This is the official repository of our paper "DynamicESG: A Dataset for Dynamically Unearthing ESG Ratings from News Articles", CIKM 2023.
We provide the web crawler from Business Today for DynamicESG.
- Python 3.8
- Pandas 2.0.0
- Scrapy 2.8.0
- Scrapy-splash 0.8.0
- Bs4 0.0.1
-
The whole DynamicESG dataset is in
DynamicESG_dataset.json
. There are five columns in our DynamicESG dataset, including URL, headline, and the annotations of three tasks of the news articles. -
The labels of three tasks is as follows:
- Impact Type: Opportunity, Risk, CannotDistinguish, NotRelatedtoCompany, NotRelatedtoESGTopic
- Impact Duration: <2, 2~5, >5, NotRelatedtoCompany, NotRelatedtoESGTopic
- ESG Category: Index of 44 Key Issues in the Guideline, ex. E01, S13, G07.
-
Here is an example format of one instance.
{
"URL": str
"News_Headline": str
"Impact_Type": [Annotator 1, Annotator 2]
"Impact_Duration": [Annotator 1, Annotator 2]
"ESG_Category": [[Annotator 1], [Annotator 2]]
}
-
We also provide the Train/Dev/Test dataset in the
data
folder which is used in FinNLP shared task. -
The label scheme is the same as DynamicESG dataset.

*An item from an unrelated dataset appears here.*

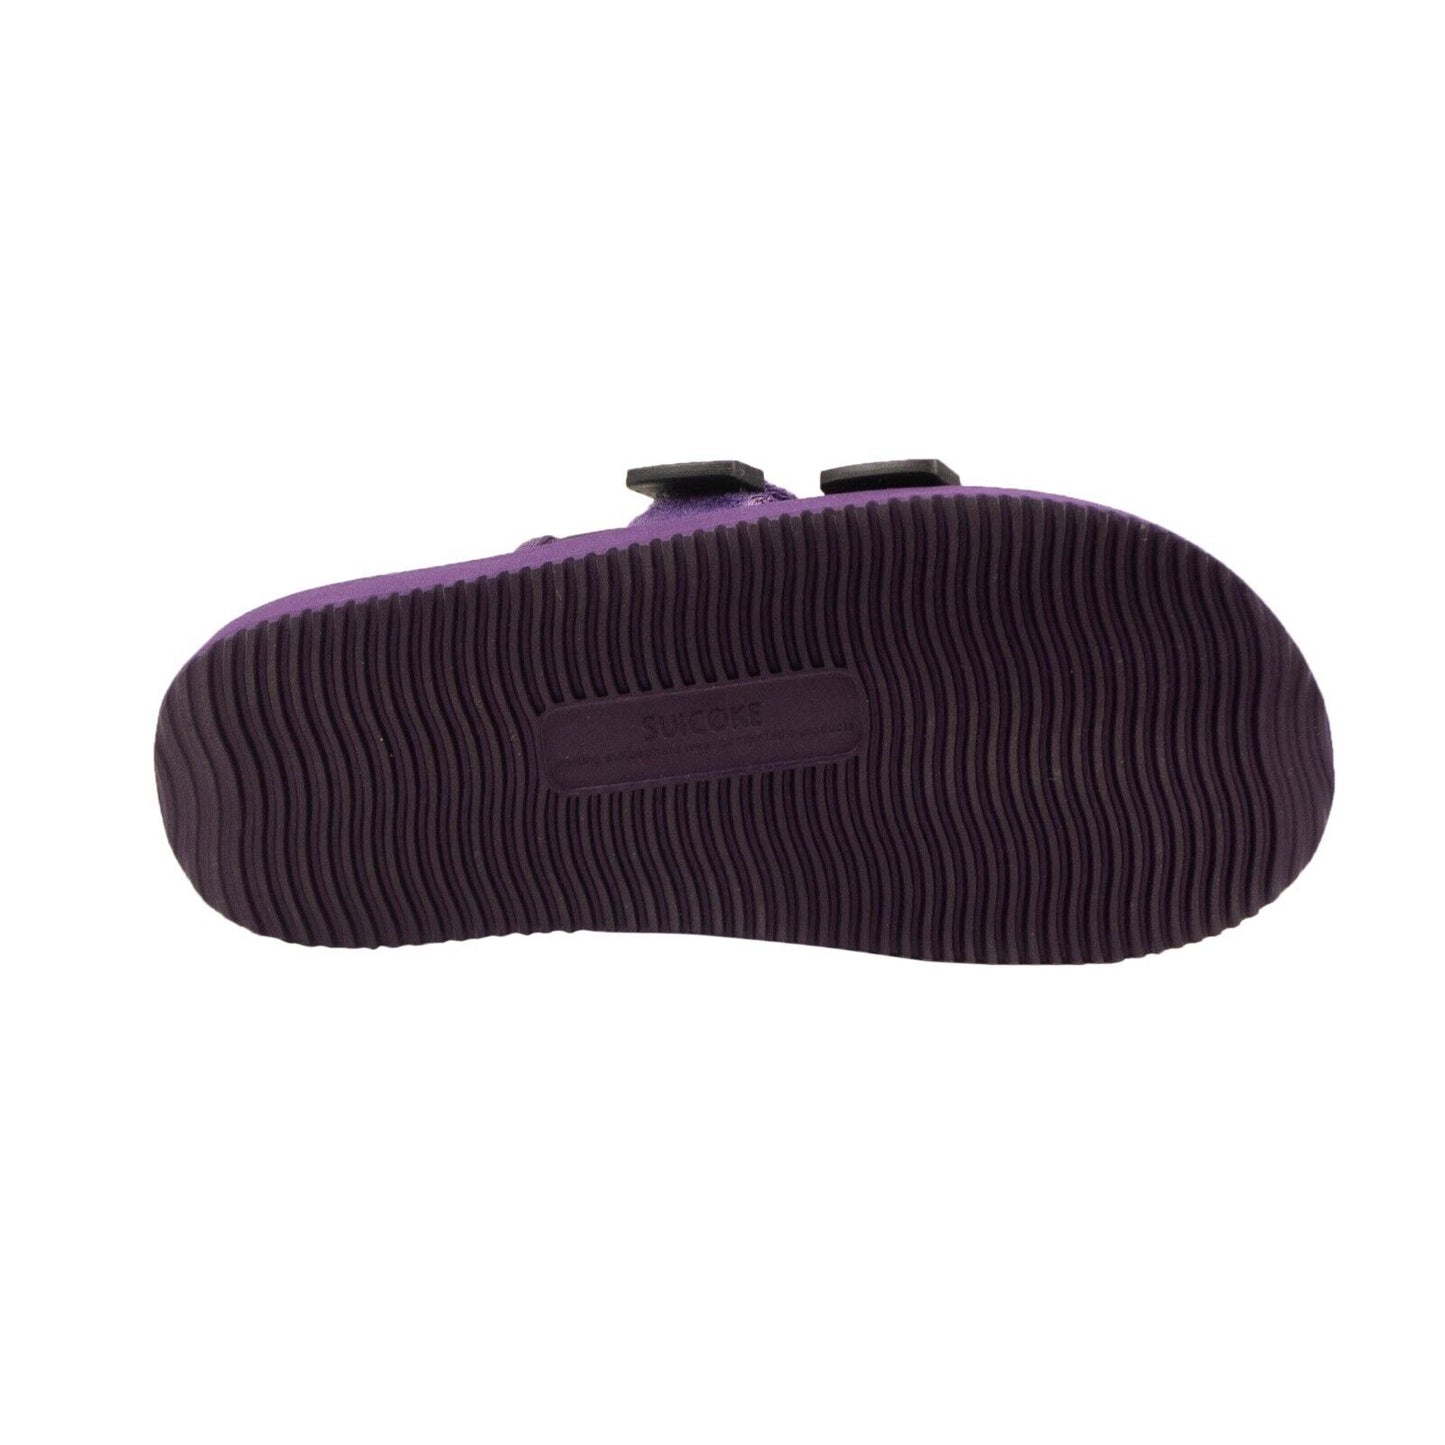 Suicoke Moto Cab Slides - Purple
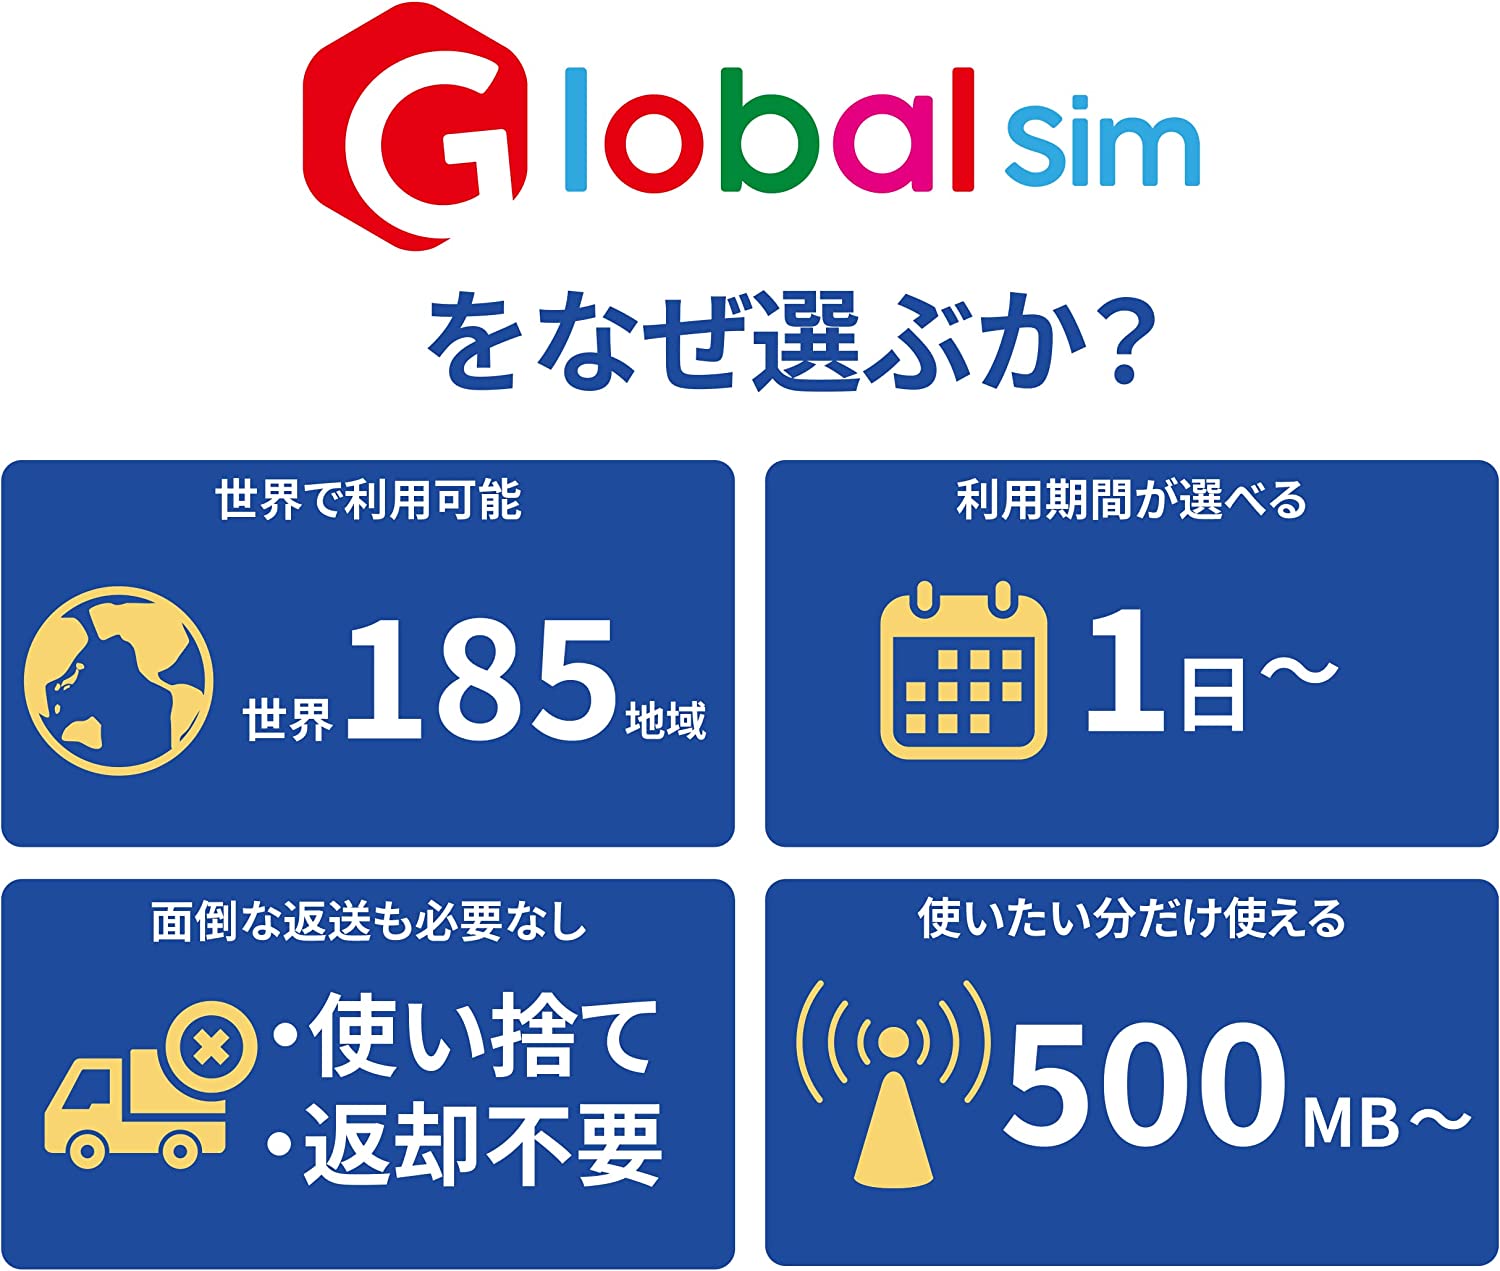 【GoJapanMobile】GLOBALSIMベトナム4日間データ無制限(2GB/日高速）（容量を使い切っても利用期間内は最大384kbps）/データ通信専用/シムフリー端末のみ対応/追加費用なし・契約不要

The only difference is the ground truth labels of Impact Type (ML-ESG-2), Impact Duration (ML-ESG-3), and ESG Category (ML-ESG-1) are the consensus of two annotators.
-
Here is an example format of one instance in ML-ESG-3 shared task.
{
"pk": int
"URL": str
"News_Headline": str
"Impact_Duration": [Ground Truth]
}
- First, you need to install the requirements.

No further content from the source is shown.